# Ideas and recommendations for 500-1K lists, casual fun



## Jace of Ultramar (Aug 2, 2011)

Hello all!

Within the next month or so for casual Saturday evening games. I'm expecting we will play somewhere between 500 to 1,000 point games. I'm just curious at to what everyone else enjoys using for casual play.


----------



## Ultra111 (Jul 9, 2009)

I normally just go for whatever I feel like. I might experiment, take an army I doubt will actually be able to do anything, or set myself a challenge such as "how many vehicles can I fit in to this point limit and still maintain effectiveness", that kind of shit.

So I might take a whole army of scouts and give them LS's, or maybe get the bare minimum of troops I can take and fill out the rest of the points with expensive units like a decked out chapter master (whom I ordinarily wouldn't use anyway) attached to a sternguard veteran squad or something like that.

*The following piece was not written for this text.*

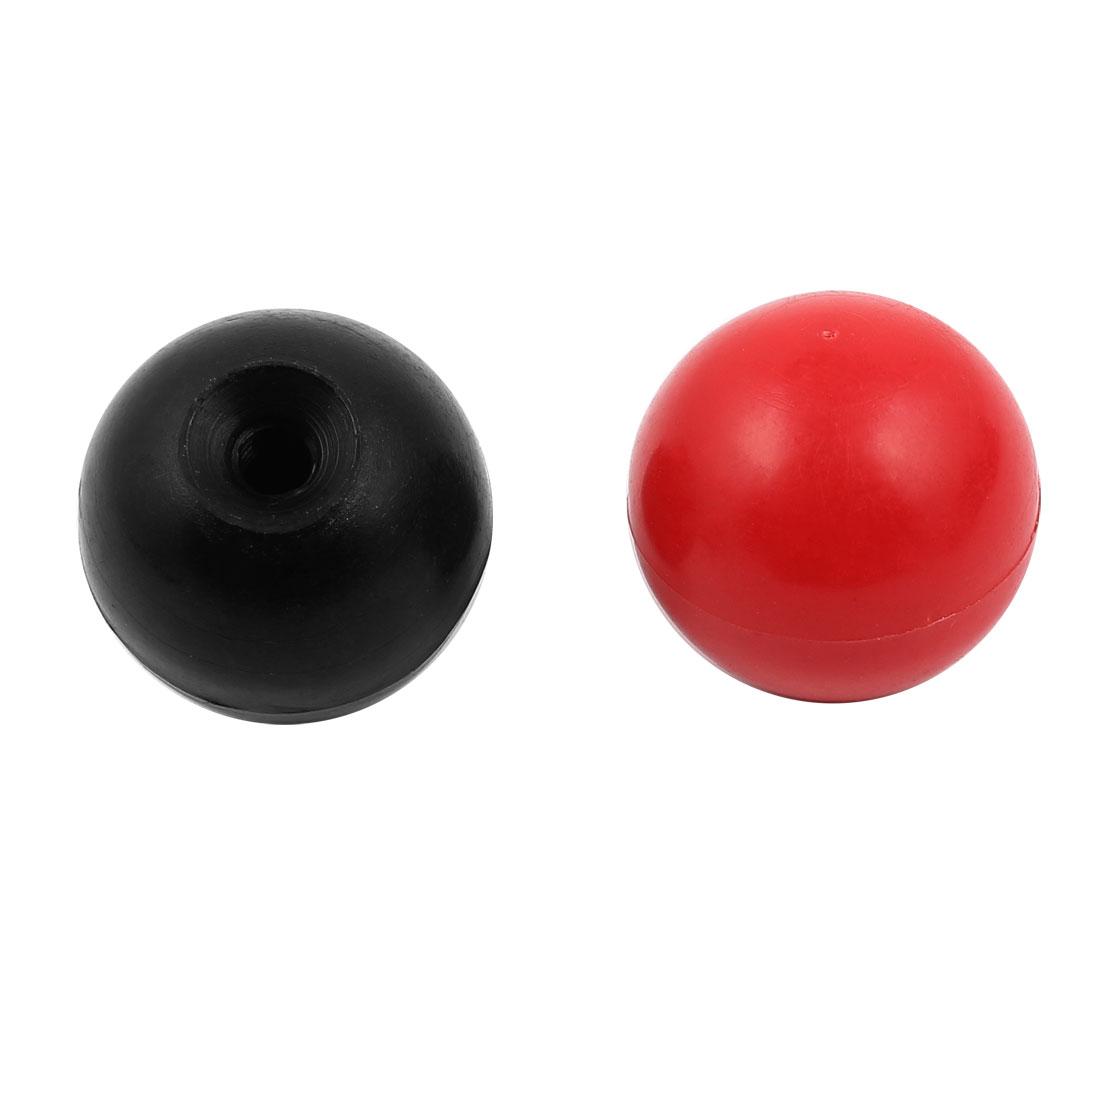 2Pcs Plastic Round Handle Ball Knob M6 Threaded 30mm Dia Mixed Color

Basically, just do whatever you think will be fun is what I do.


----------



## Jace of Ultramar (Aug 2, 2011)

See, I was thinking the same thing. Do 2 five man scout squads and deck the rest out with Assault Troops or maybe do a quirky biker squad with Razorback support.


----------



## Hurons_Champion (Aug 7, 2011)

Do some thing you've never done before i played Sky claws (Space Wolves) just because i could. The fun is in experimenting and doing different stuff.


----------